The DCTN1 gene (DCTN1 stands for "Dynactin Subunit 1") is a protein-coding gene located on chromosome 2p13.1. Alternative splicing of this gene results in multiple transcript variants encoding different isoforms.
General informationThis section has been translated automatically.
The DCTN1 gene encodes the largest subunit of dynactin, a macromolecular complex consisting of 10 subunits ranging in size from 22 to 150 kD. Dynactin binds to both microtubules and cytoplasmic dynein. Dynactin is involved in a variety of cellular functions, including ER-Golgi transport, centripetal movement of lysosomes and endosomes, spindle formation, chromosome movement, nuclear positioning, and axonogenesis.
The dynactin subunit 1 interacts with the dynein intermediate chain by binding its domains directly to dynein. The protein binds to microtubules via a highly conserved glycine-rich cytoskeleton-associated protein domain (CAP-Gly) in its N-terminus.
Mutations in this gene cause Perry syndrome and Distal Hereditary Motor Neuronopathy, type 7b, also known as distal spinal and bulbar muscular atrophy (dSBMA).

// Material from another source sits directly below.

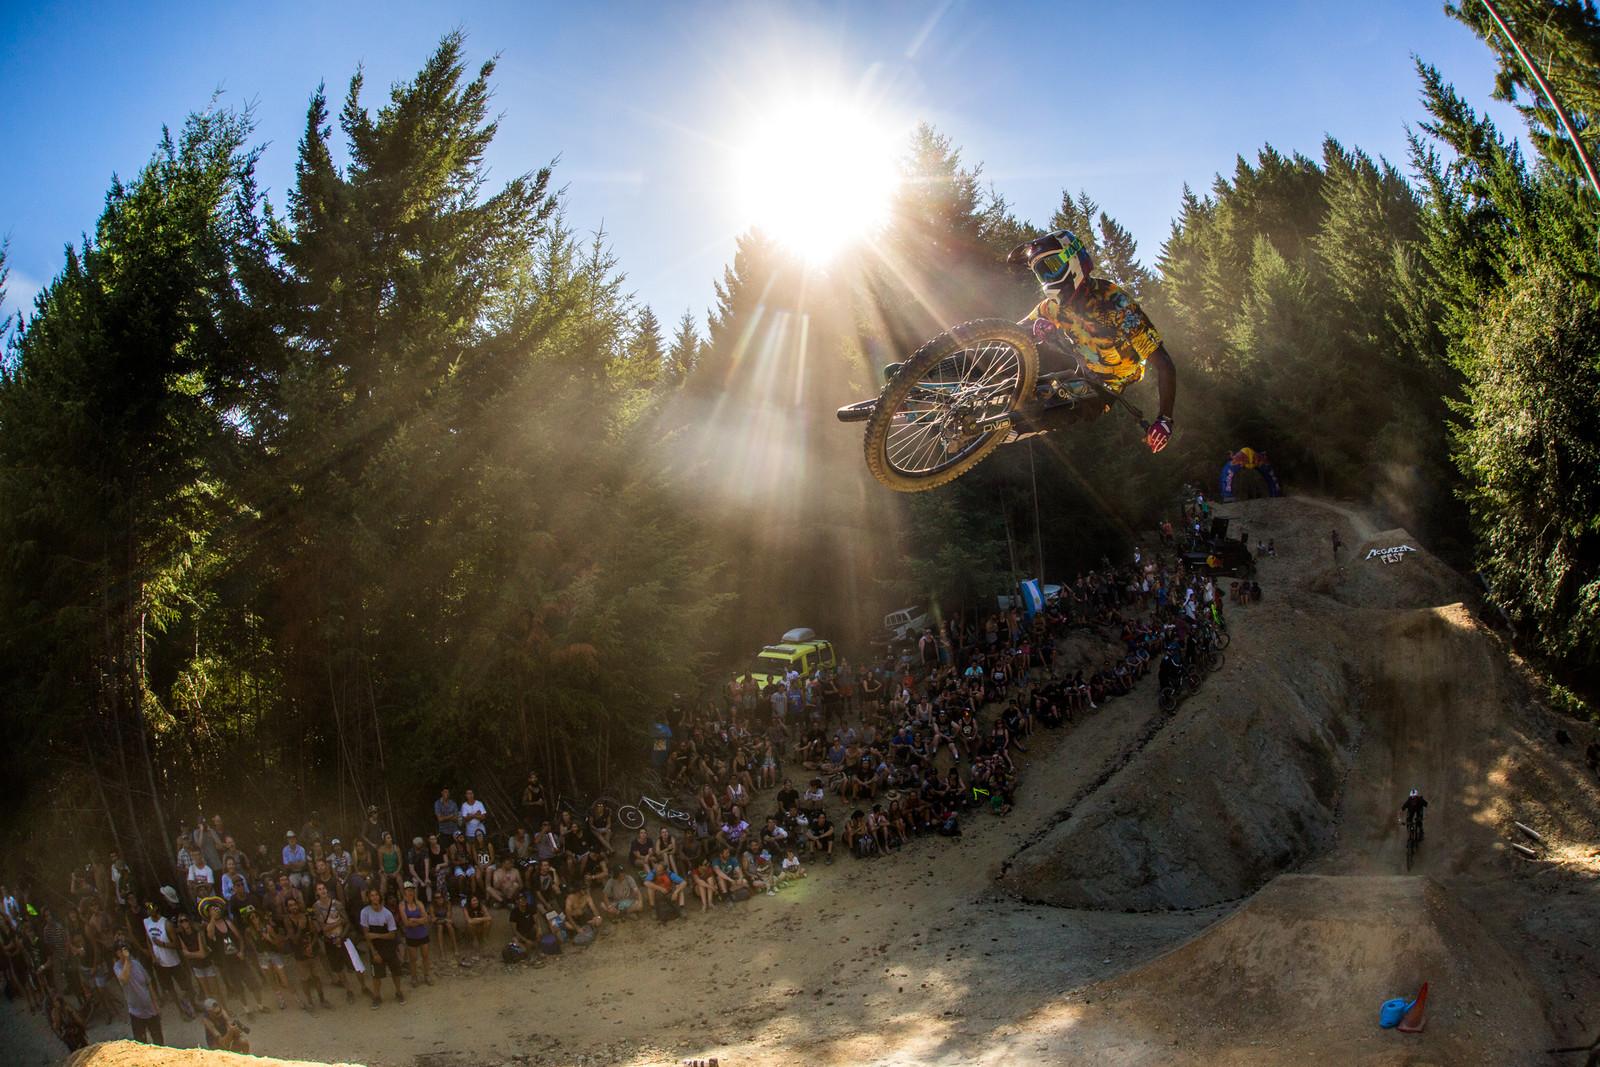 Eliot Jackson - McGazza Fest Dream Track Jam - Mountain Biking Pictures - Vital MTB

Dynactin subunit 1" plays a key role in dynein-mediated retrograde transport of vesicles and organelles along microtubules by recruiting dynein and binding to microtubules. Binds to both dynein and microtubules, providing a link between microtubules and dynein. It is essential for dynein alignment and for improving dynein processivity (the ability to move along a microtubule for a long distance without falling off track).
LiteratureThis section has been translated automatically.
- Caroppo P et al (2014) DCTN1 mutation analysis in families with progressive supranuclear palsy-like phenotypes. JAMA Neurol 71: 208-215.
- Farrer MJ et al (2009) DCTN1 mutations in Perry syndrome. Nature Genet 41: 163-165.
- Perry TL et al (1975) Hereditary mental depression and parkinsonism with taurine deficiency. Arch. Neurol 32: 108-113.
- Perry TL et al (1990) Dominantly inherited apathy, central hypoventilation, and parkinson's syndrome: clinical, biochemical, and neuropathologic studies of 2 new cases. Neurology 40: 1882-1887.